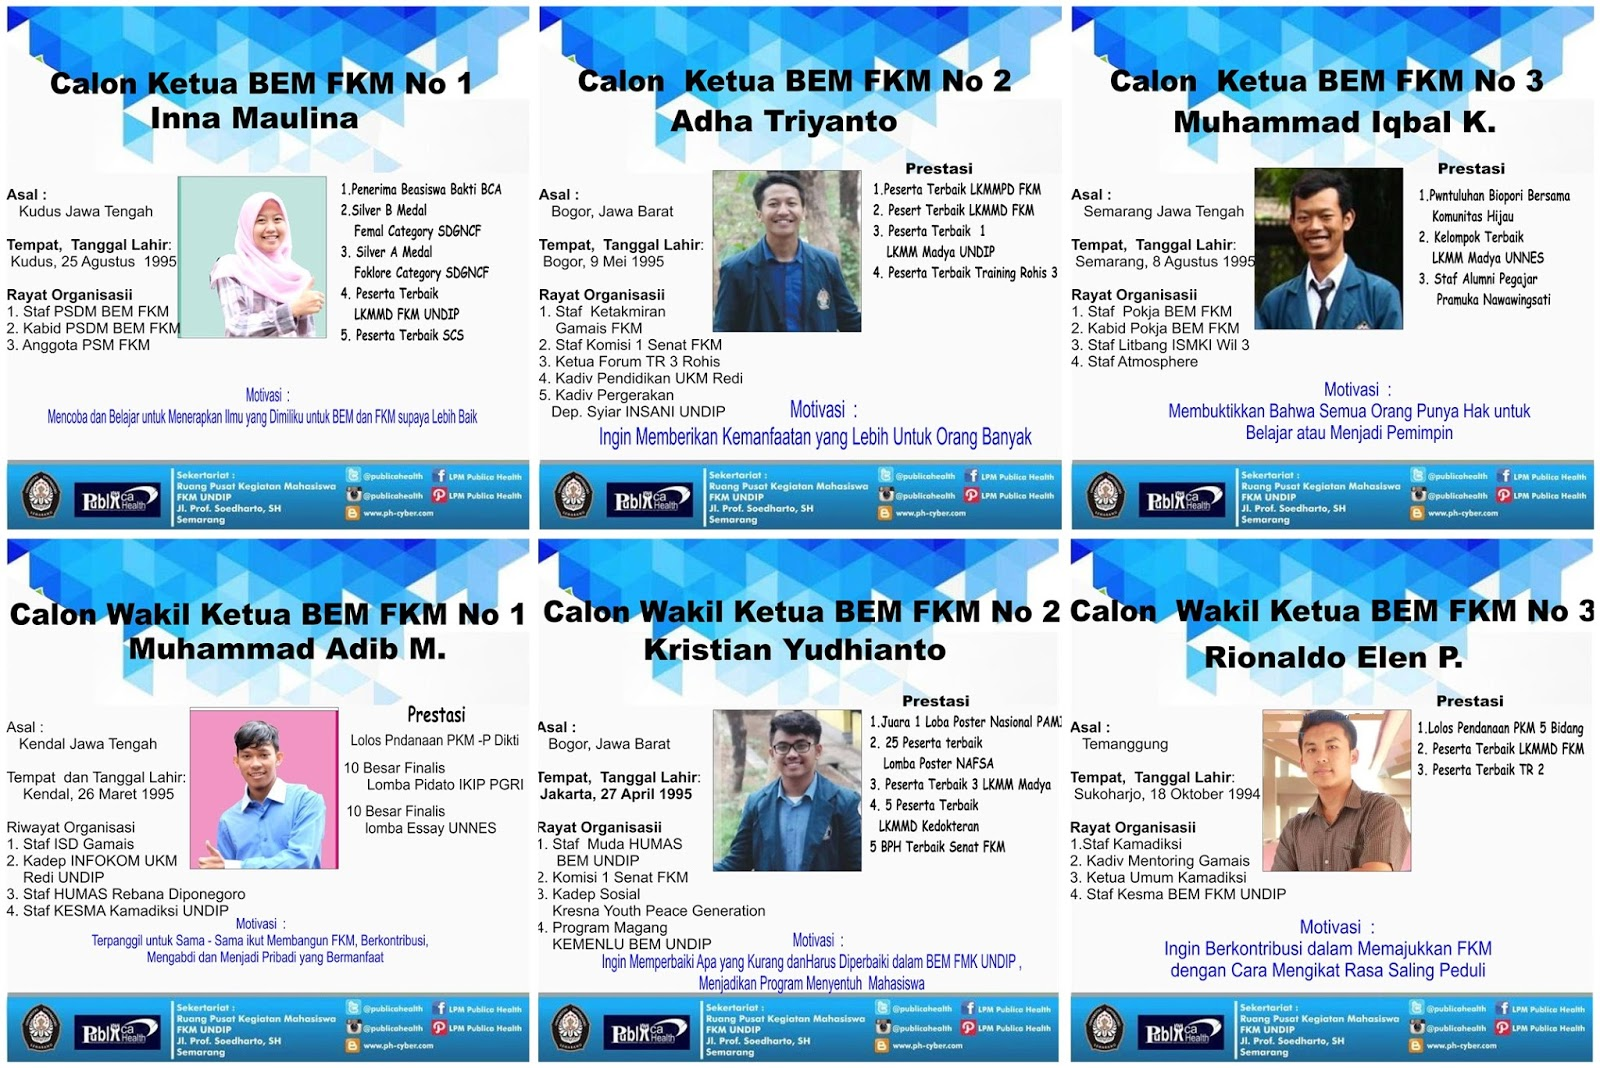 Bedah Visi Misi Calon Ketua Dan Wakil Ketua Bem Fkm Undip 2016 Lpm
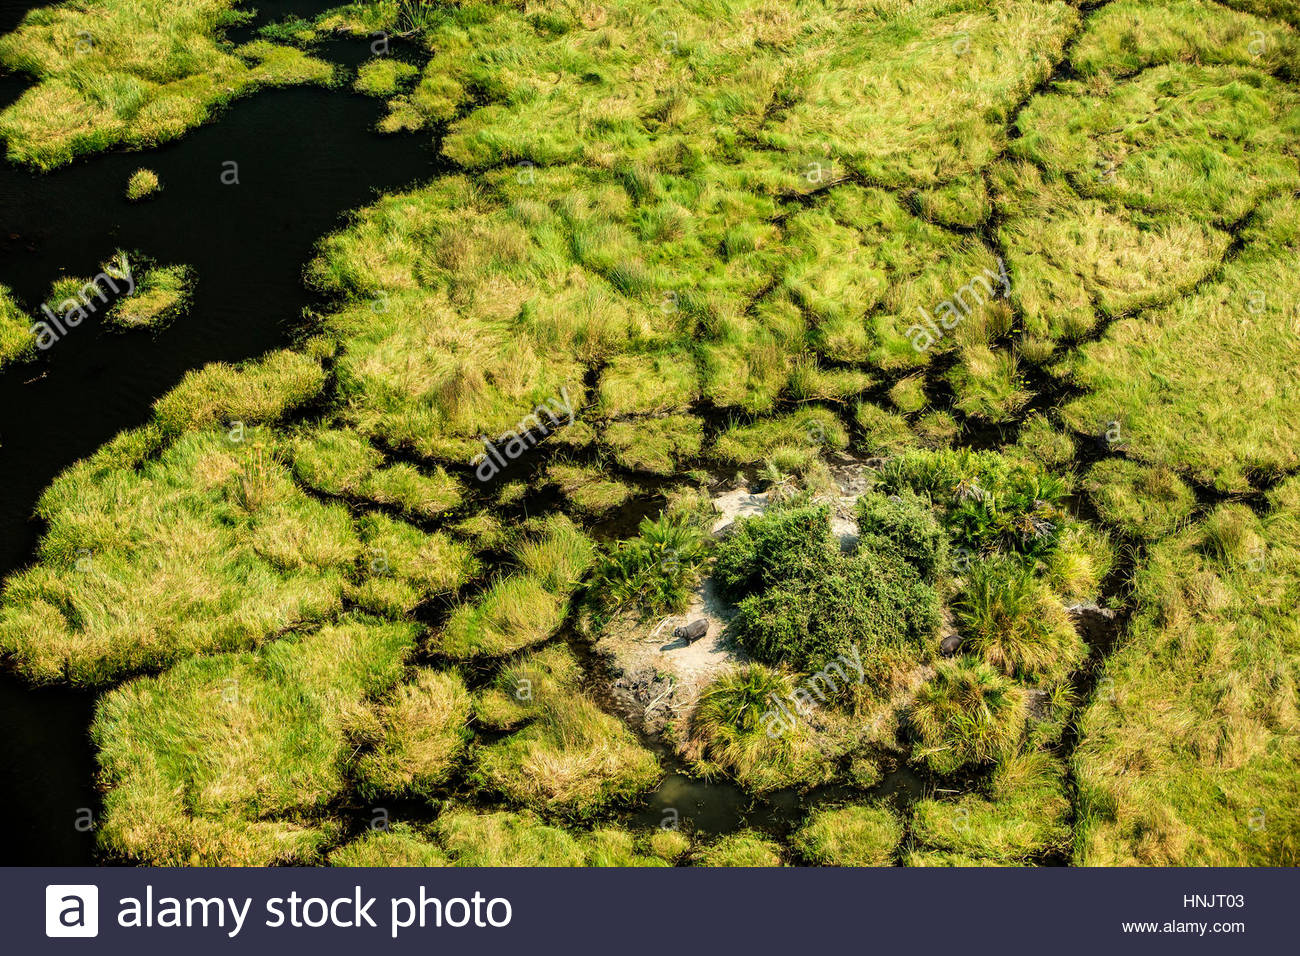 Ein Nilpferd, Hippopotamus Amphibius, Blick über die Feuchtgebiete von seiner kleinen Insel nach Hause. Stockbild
--
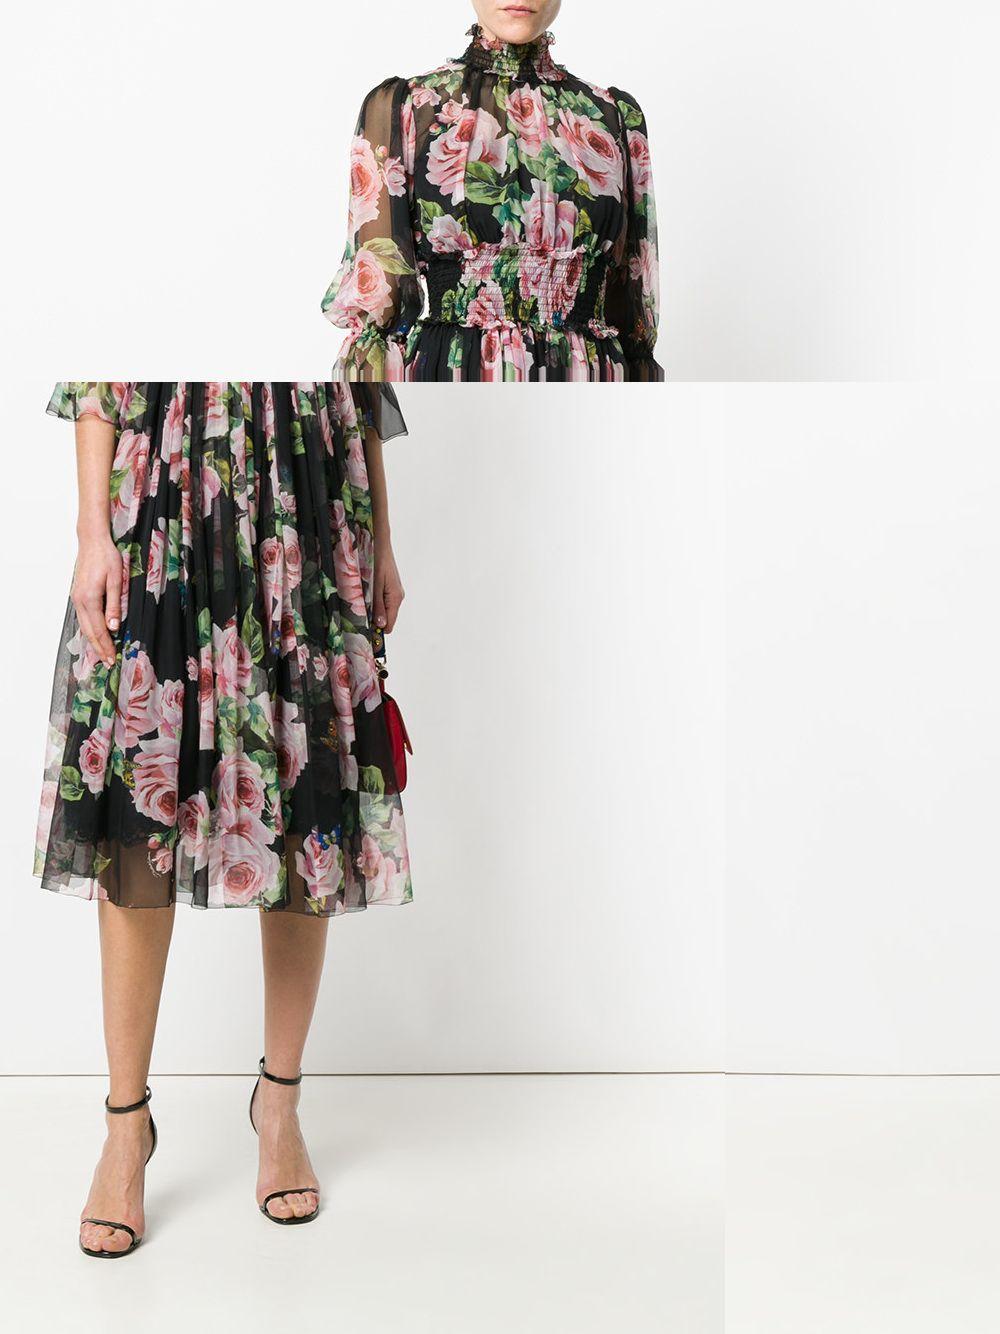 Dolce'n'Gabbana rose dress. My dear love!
...
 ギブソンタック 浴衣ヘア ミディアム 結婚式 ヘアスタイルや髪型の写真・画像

__EXERCISE__:
A clean copy is needed of the lines in the listing above from the one with "Bedah Visi Misi" through the one with "Ein Nilpferd, Hippopotamus", exact in every word and free of pictures.

__SOLVED PROBLEM__:
 Bedah Visi Misi Calon Ketua Dan Wakil Ketua Bem Fkm Undip 2016 Lpm
 Ein Nilpferd, Hippopotamus Amphibius, Blick über die Feuchtgebiete von seiner kleinen Insel nach Hause. Stockbild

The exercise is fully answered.